WHAT YOU ARE ASKED TO DO »
When you reach the line containing "The HYROX RACE combines both runnin", begin reproducing the lines exactly and continue through the end of the listing, leaving out the pictures.
RECORDED INFORMATION Start Marker
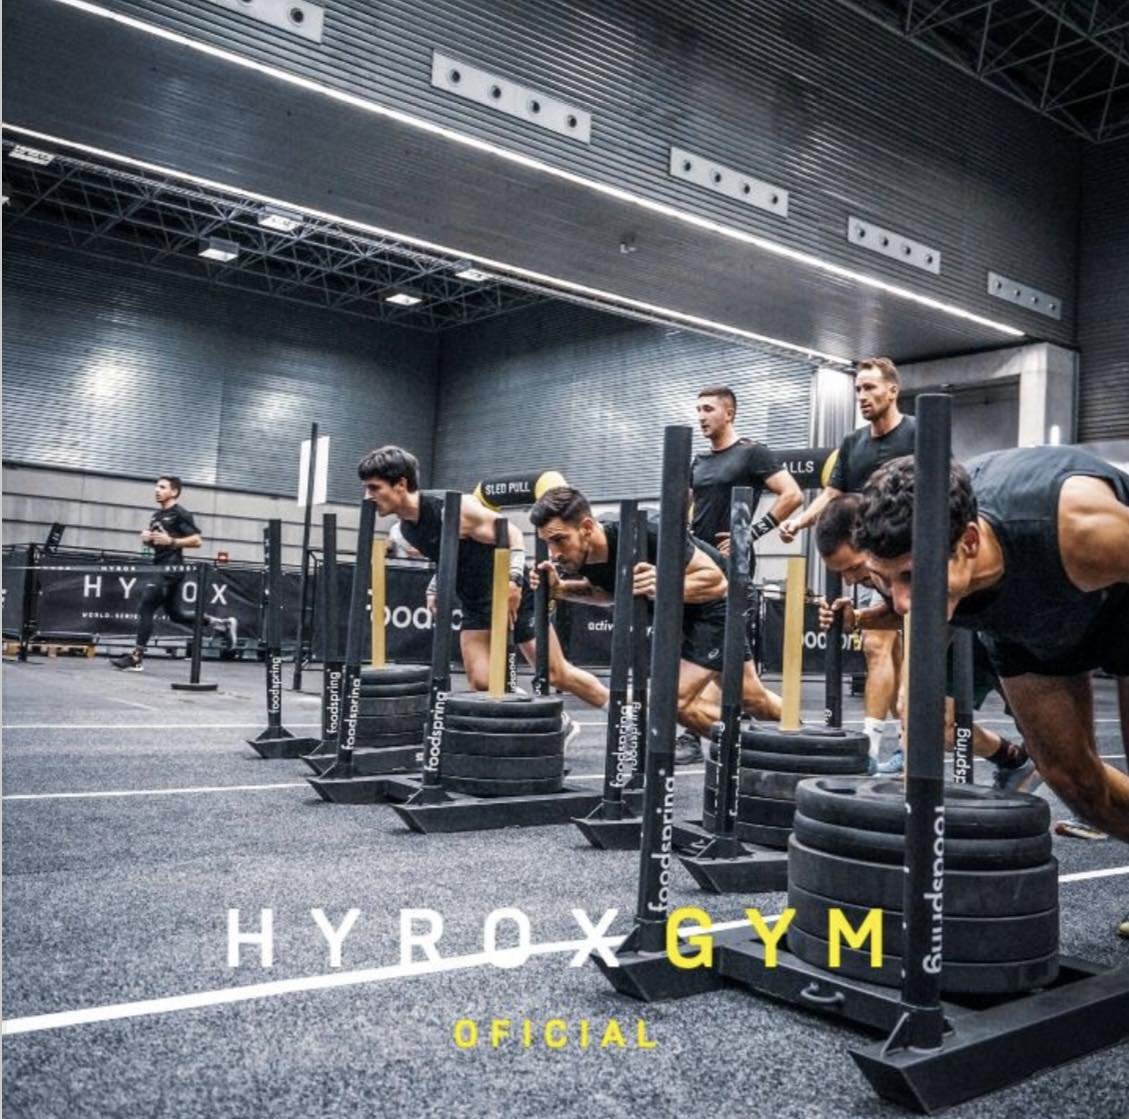 📣 We have news! 

We are so excited to announce that Feathers Fitness have now partnered with HYROX and are an official affiliate, offering tailored Fitness Programs for anyone interested in HYROX Fitness Racing!

The HYROX RACE combines both runnin
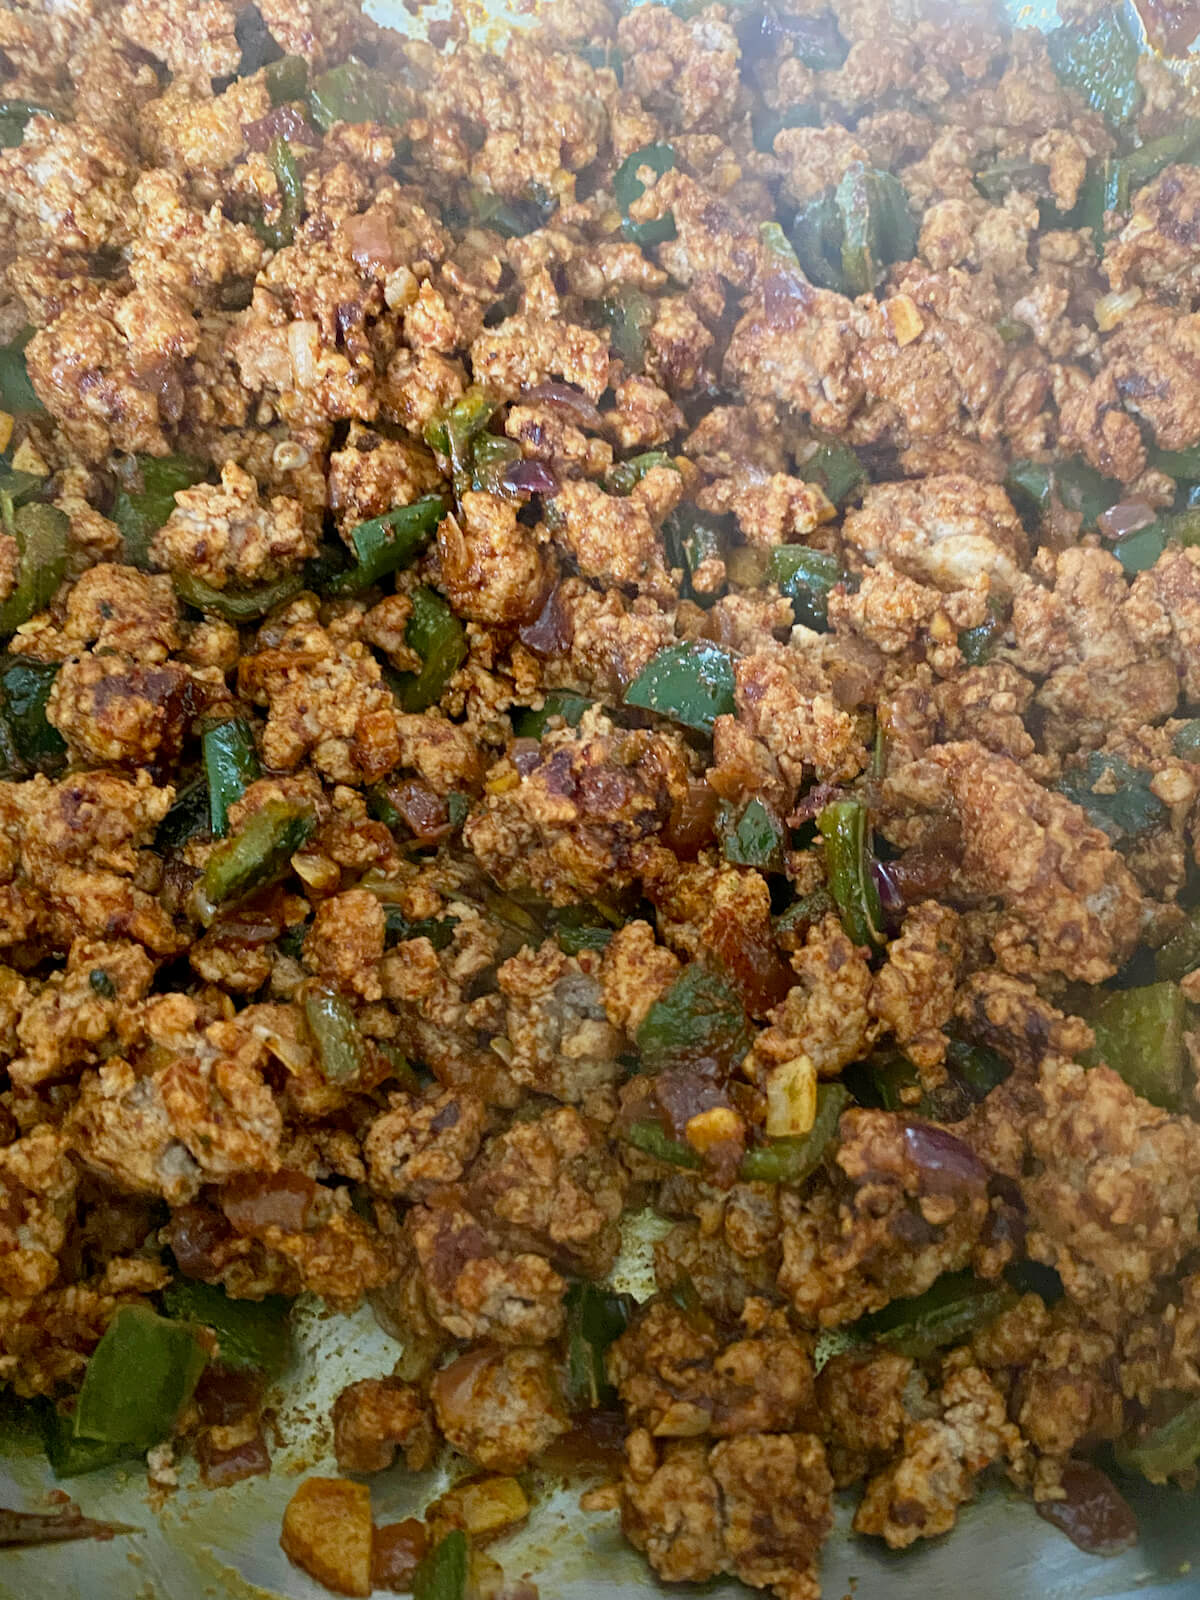 Ground turkey and vegetables seasoned with chili powder, cumin, and other spices.
RECORDED INFORMATION End Marker
WRITTEN RESPONSE »
The HYROX RACE combines both runnin
 Ground turkey and vegetables seasoned with chili powder, cumin, and other spices.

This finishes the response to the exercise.